Phenotypic characterization of C. auris isolates used in this study

Strain no.	C. auris strain designation	Cell shape	Aggregationa	Hyphae or pseudohyphaeb	Colony morphology on Spider medium	Color on CHROMagarc	Chlamydospore productiond
CAU-01	AR-BANK#0381	Ellipsoidal	Single cells	None	Smooth colonies	Pink	None
CAU-02	AR-BANK#0382	Ellipsoidal	Aggregative	None	Smooth colonies	Pink	None
CAU-03	AR-BANK#0383	Spherical to ovoid	Aggregative	None	Smooth colonies	Dark pink	None
CAU-04	AR-BANK#0384	Spherical to ovoid	Aggregative	None	Smooth colonies	Dark pink	None
CAU-05	AR-BANK#0385	Spherical to ovoid	Aggregative	None	Smooth colonies	Dark pink	None
CAU-06	AR-BANK#0386	Spherical to ovoid	Aggregative	None	Smooth colonies	Dark pink	None
CAU-07	AR-BANK#0387	Ellipsoidal	Single cells	None	Smooth colonies	Pink	None
CAU-08	AR-BANK#0388	Spherical to ovoid	Single cells	None	Smooth colonies	Pink	None
CAU-09	AR-BANK#0389	Spherical to ovoid	Single cells	None	Smooth colonies	Pink	None
CAU-10	AR-BANK#0390	Ellipsoidal	Single cells	None	Smooth colonies	Dark pink	None

^aCells were mixed in PBS and were vortexed at high speed for 1 min before microscopy to detect cell aggregation.

^bHyphal formation was assessed in BD Difco yeast extract-peptone-dextrose (YPD) broth, yeast nitrogen base (YNB) with ammonium sulfate supplemented with 1.25% N-acetyl-d-glucosamine, YPD broth with 10% fetal bovine serum, and Spider medium. Each medium was inoculated with 1 × 10⁷ cells/ml, and cells were incubated at 37°C with agitation for as long as 24 h.

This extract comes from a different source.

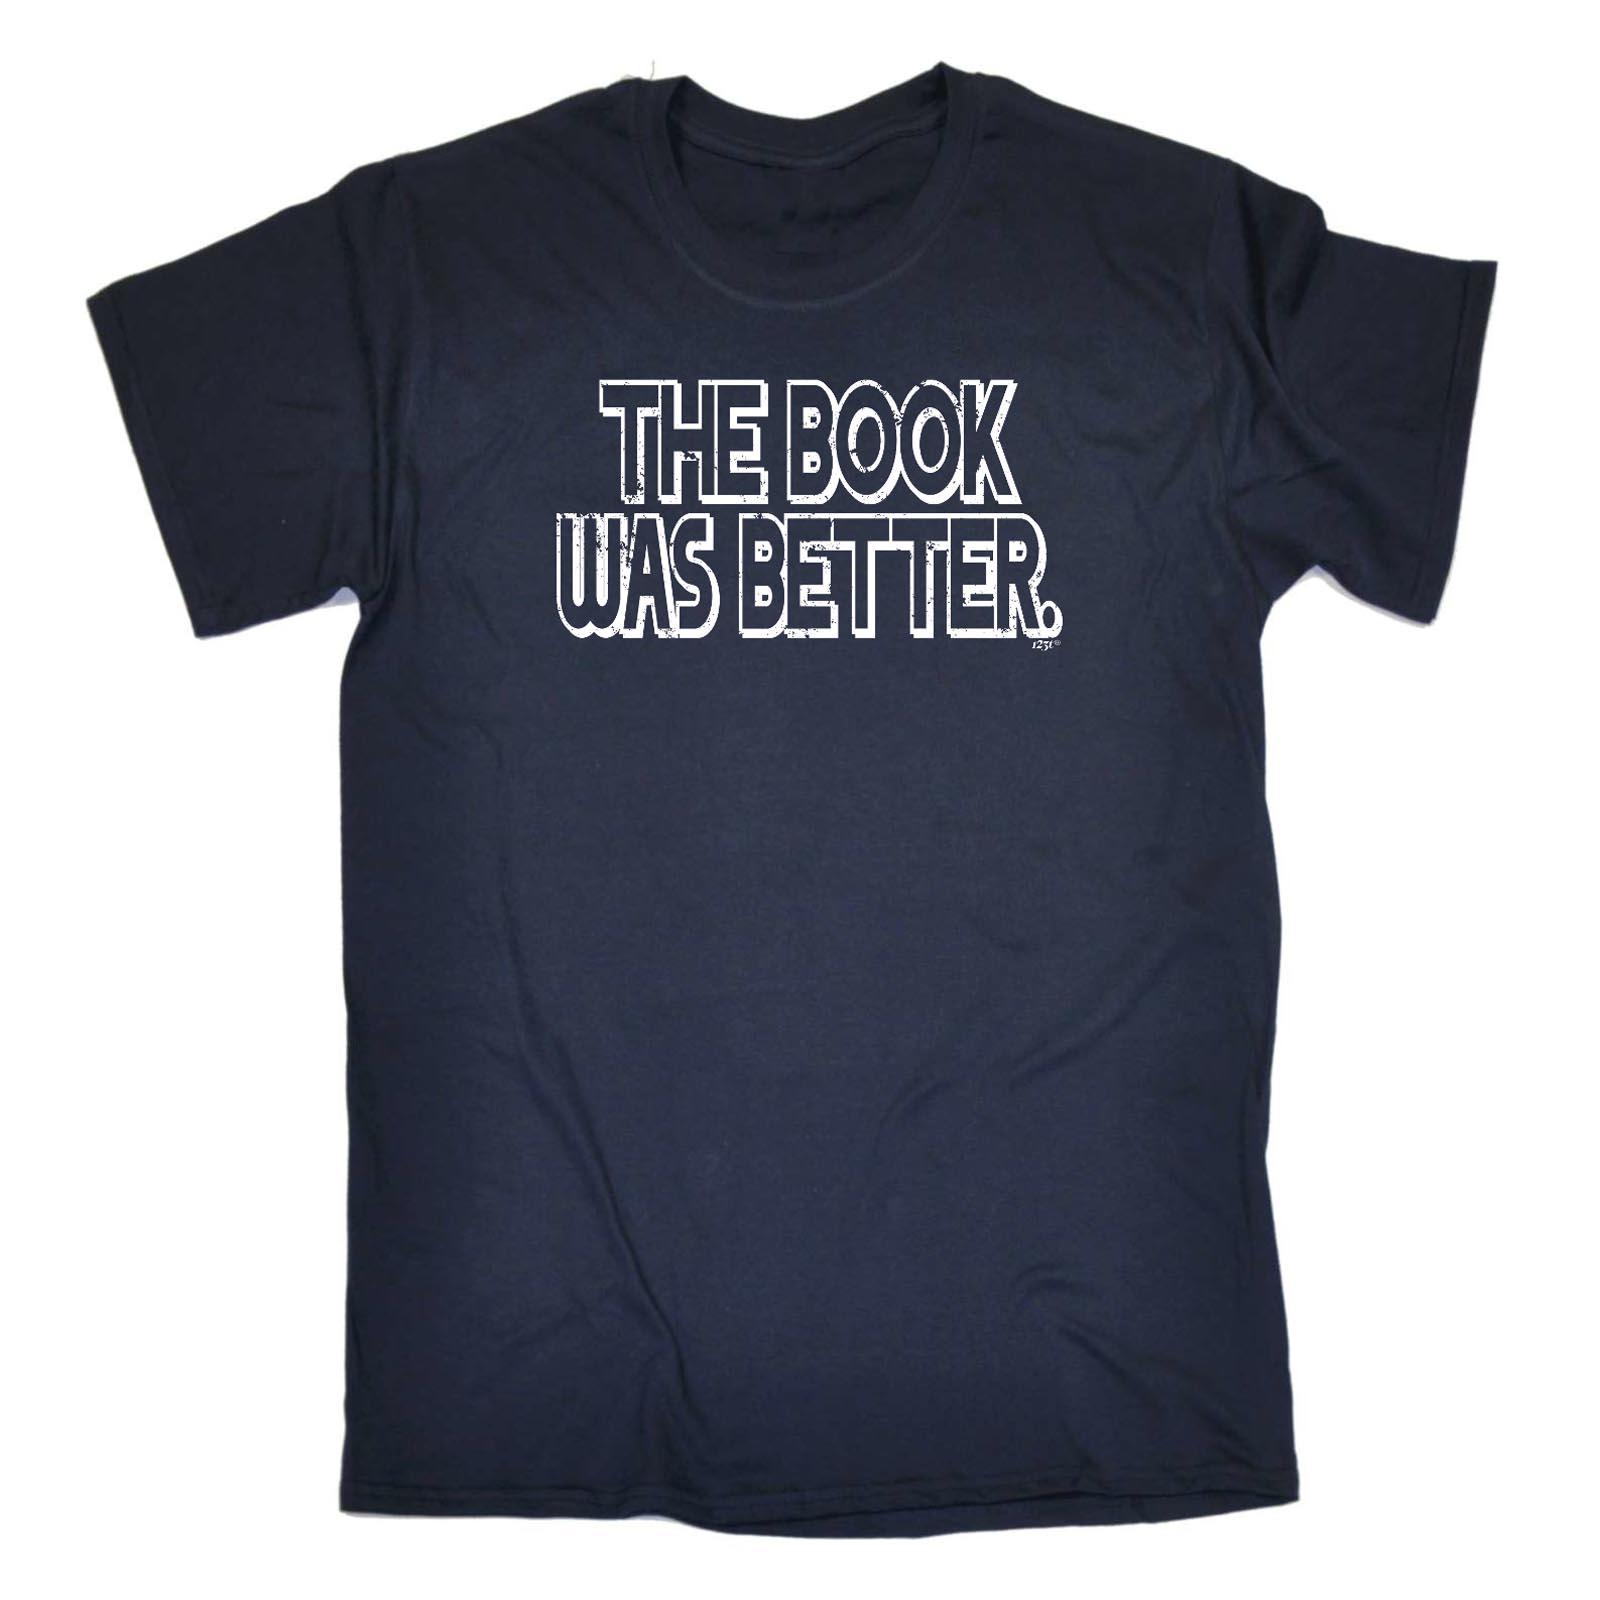 Divertenti Novità T-shirt Da Uomo T-Shirt Tee-il libro era migliore

^cC. auris strains were streak-inoculated in CHROMagar Candida medium and were incubated at 37°C for 48 h in order to observe colony morphology.

^dC. auris strains were inoculated onto corn meal agar and rice extract agar using the Dalmau technique, incubated at 23°C in the dark for as long as 2 weeks, and observed microscopically for the presence of chlamydospores.